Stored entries
== Segment start ==
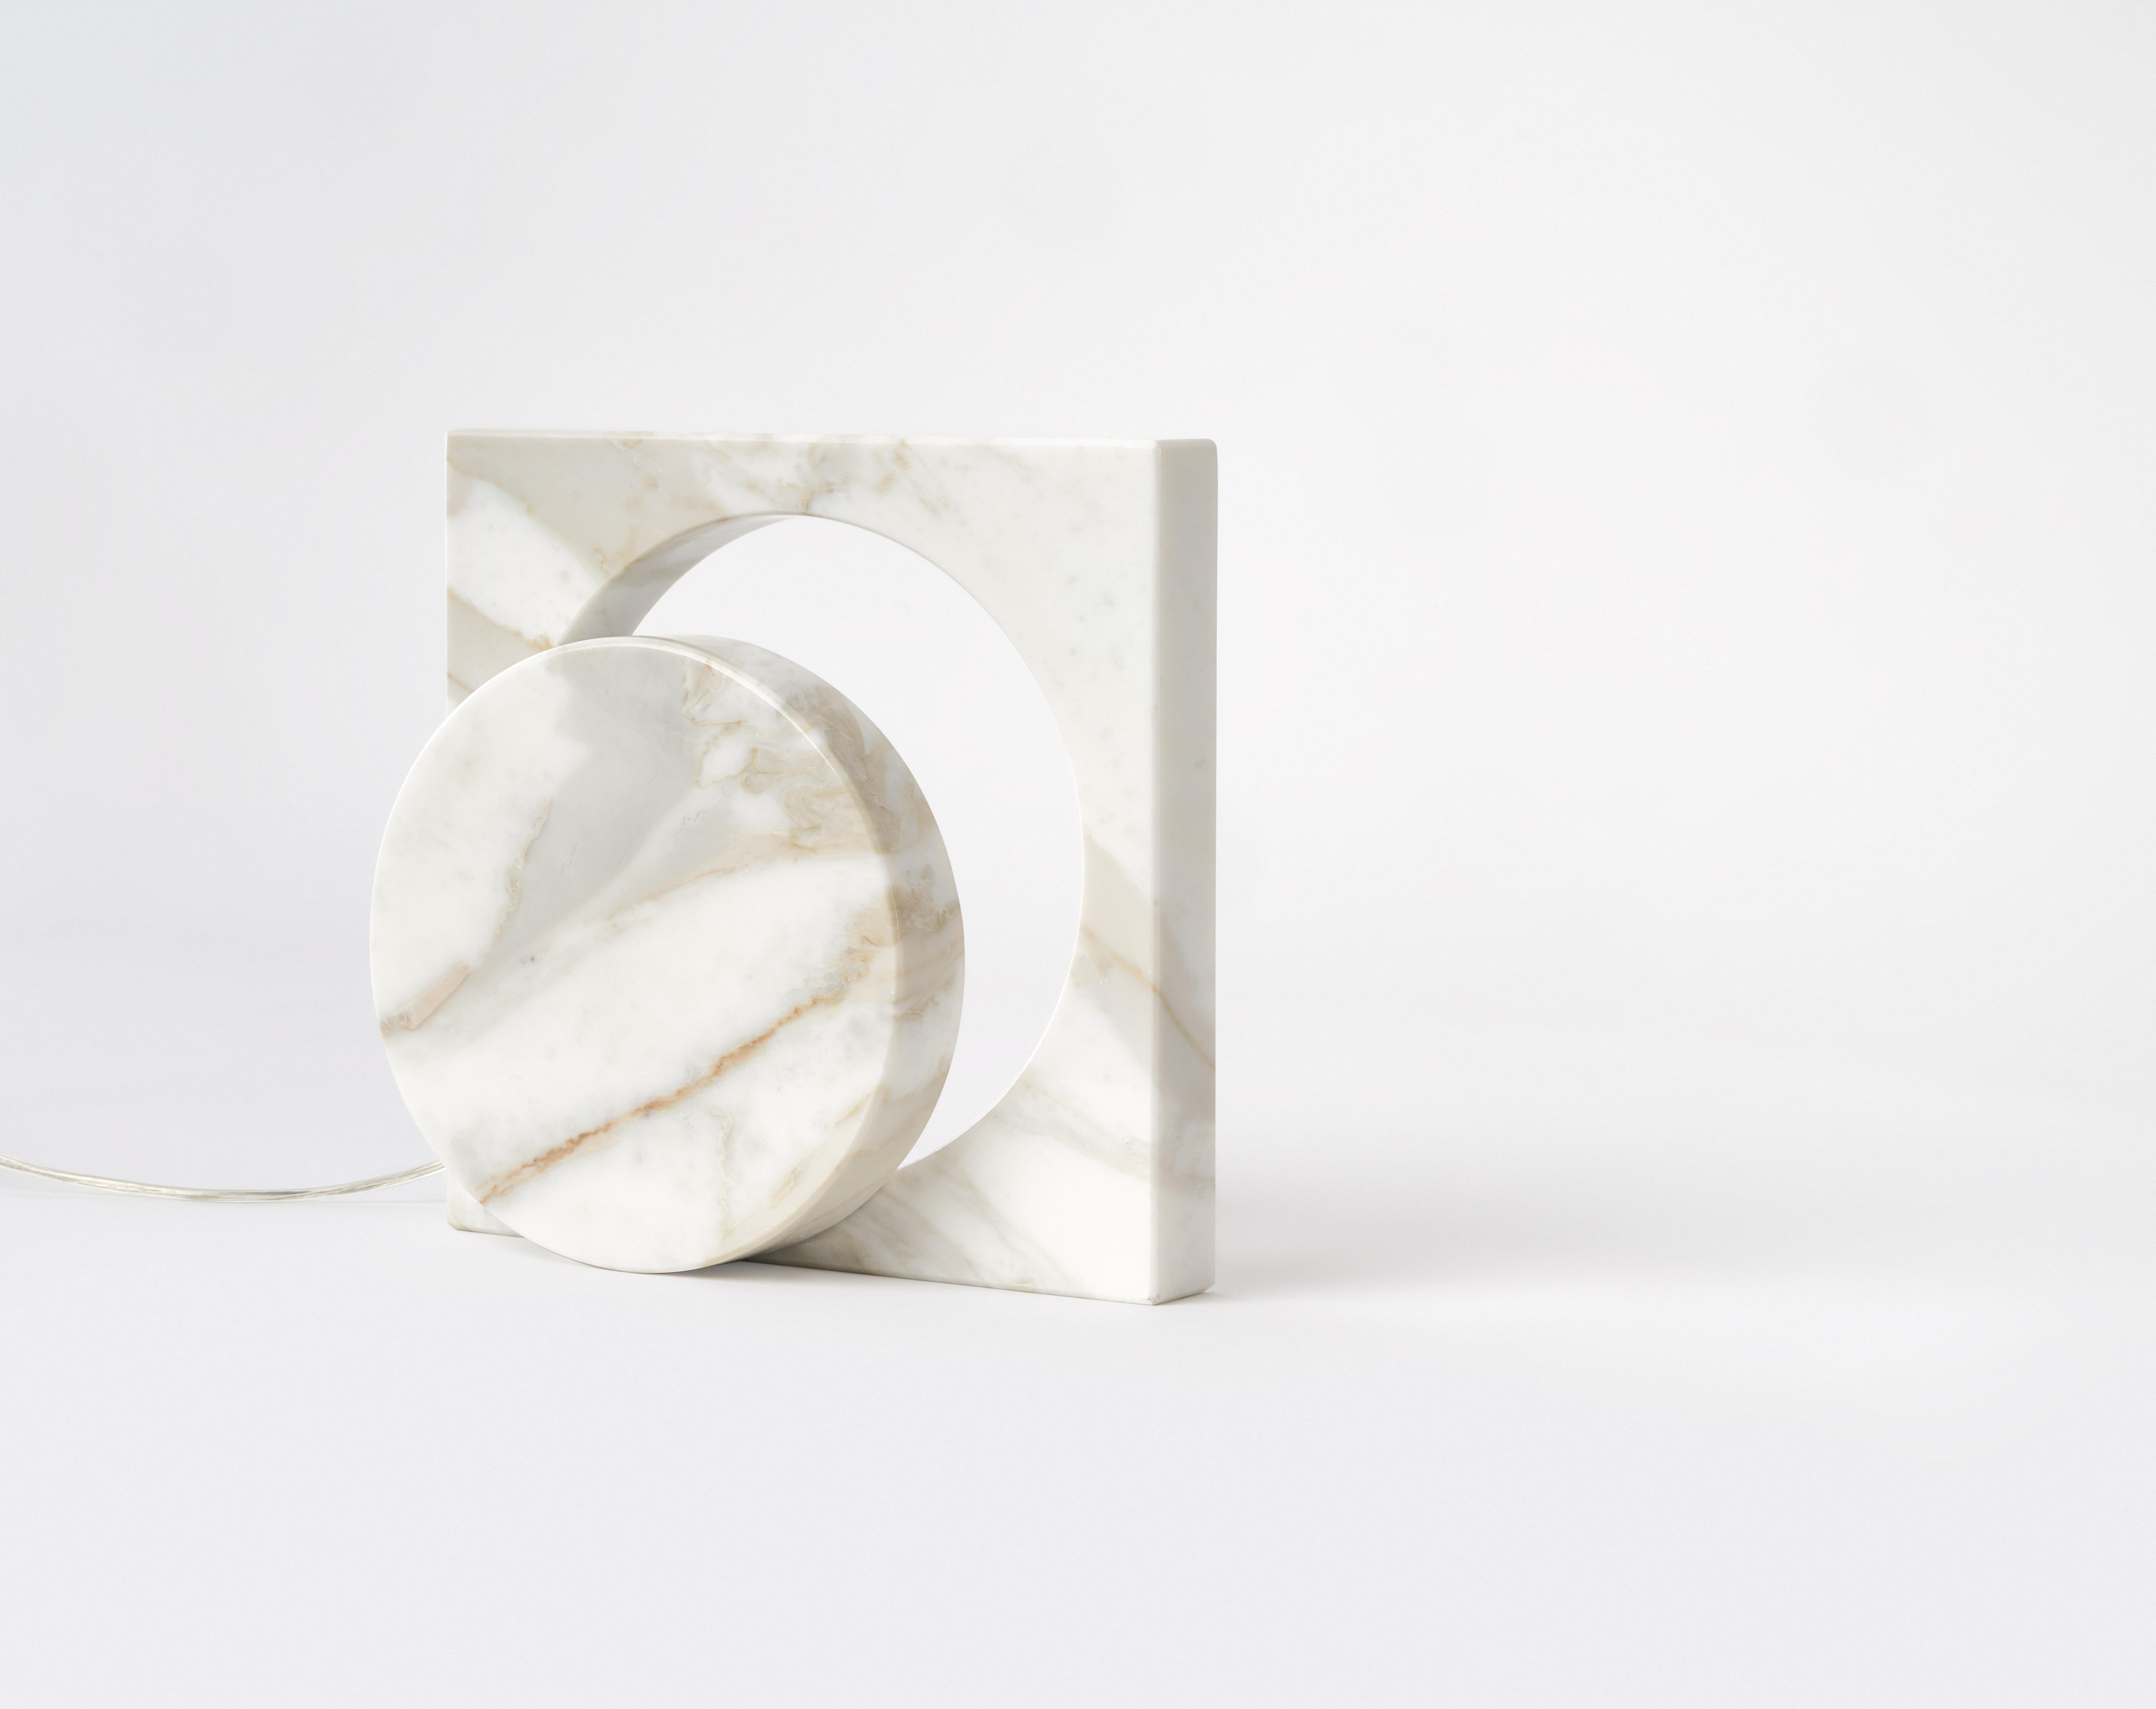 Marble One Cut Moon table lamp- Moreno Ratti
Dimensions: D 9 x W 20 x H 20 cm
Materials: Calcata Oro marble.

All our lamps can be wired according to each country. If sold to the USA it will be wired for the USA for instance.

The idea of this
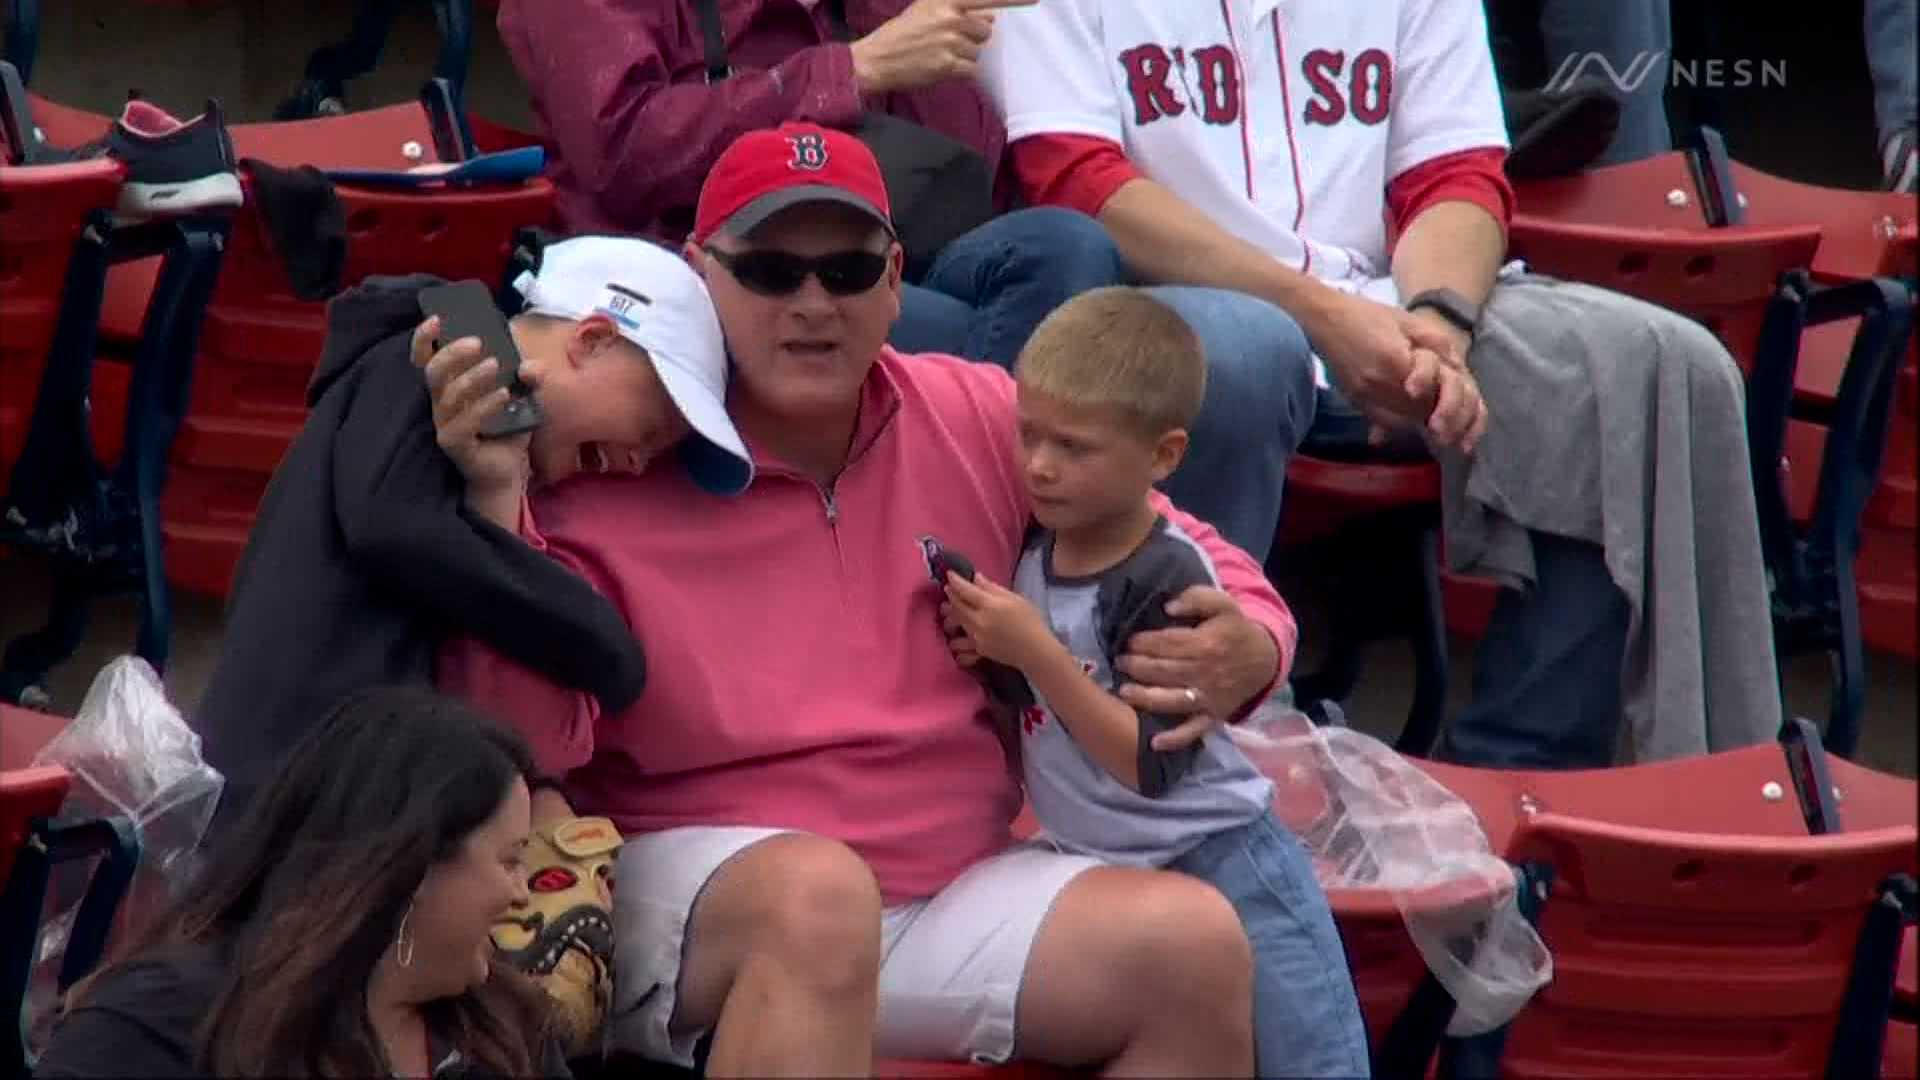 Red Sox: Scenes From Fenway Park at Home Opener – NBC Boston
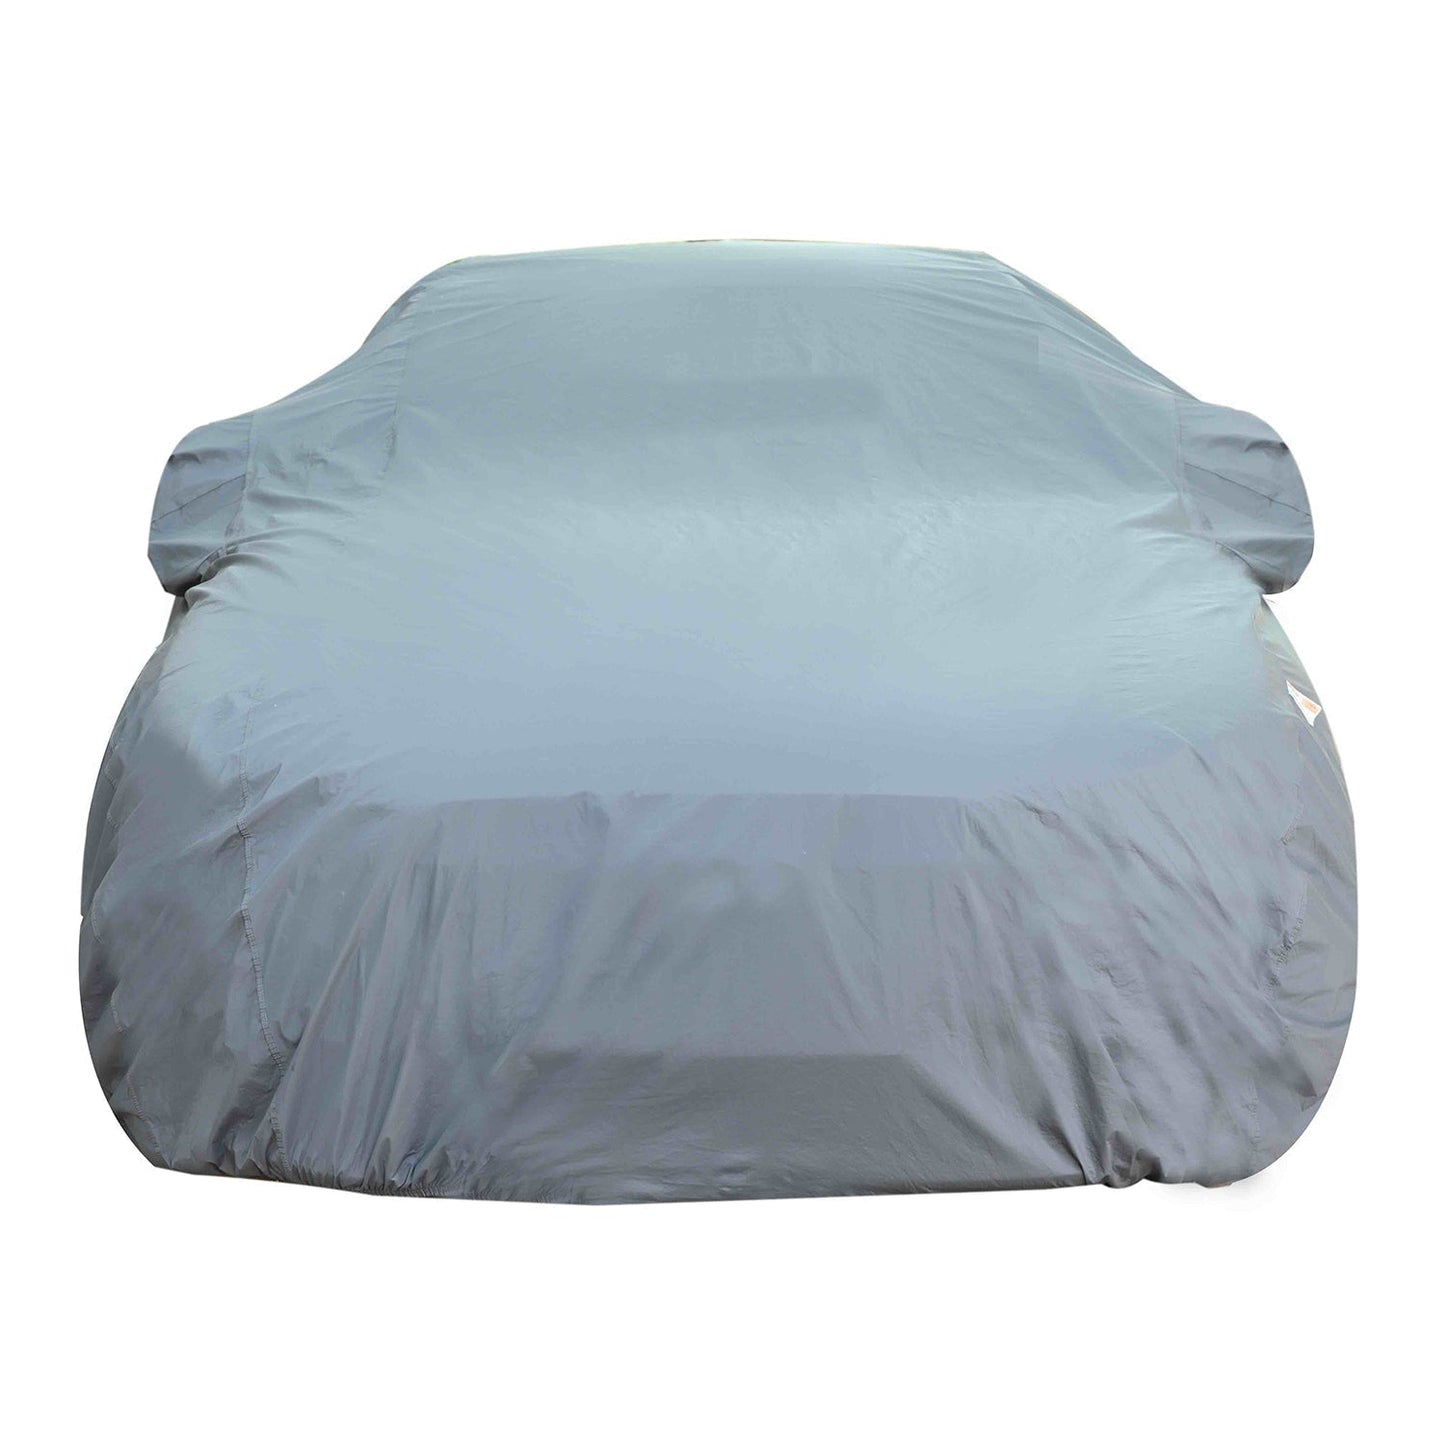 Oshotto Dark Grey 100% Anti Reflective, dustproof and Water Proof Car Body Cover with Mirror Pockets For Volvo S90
== Segment end ==
#### [WORK REQUEST]
Repeat the entries exactly. Any picture is to be left out.

#### [WRITTEN RESPONSE]
 Marble One Cut Moon table lamp- Moreno Ratti
Dimensions: D 9 x W 20 x H 20 cm
Materials: Calcata Oro marble.

All our lamps can be wired according to each country. If sold to the USA it will be wired for the USA for instance.

The idea of this
 Red Sox: Scenes From Fenway Park at Home Opener – NBC Boston
 Oshotto Dark Grey 100% Anti Reflective, dustproof and Water Proof Car Body Cover with Mirror Pockets For Volvo S90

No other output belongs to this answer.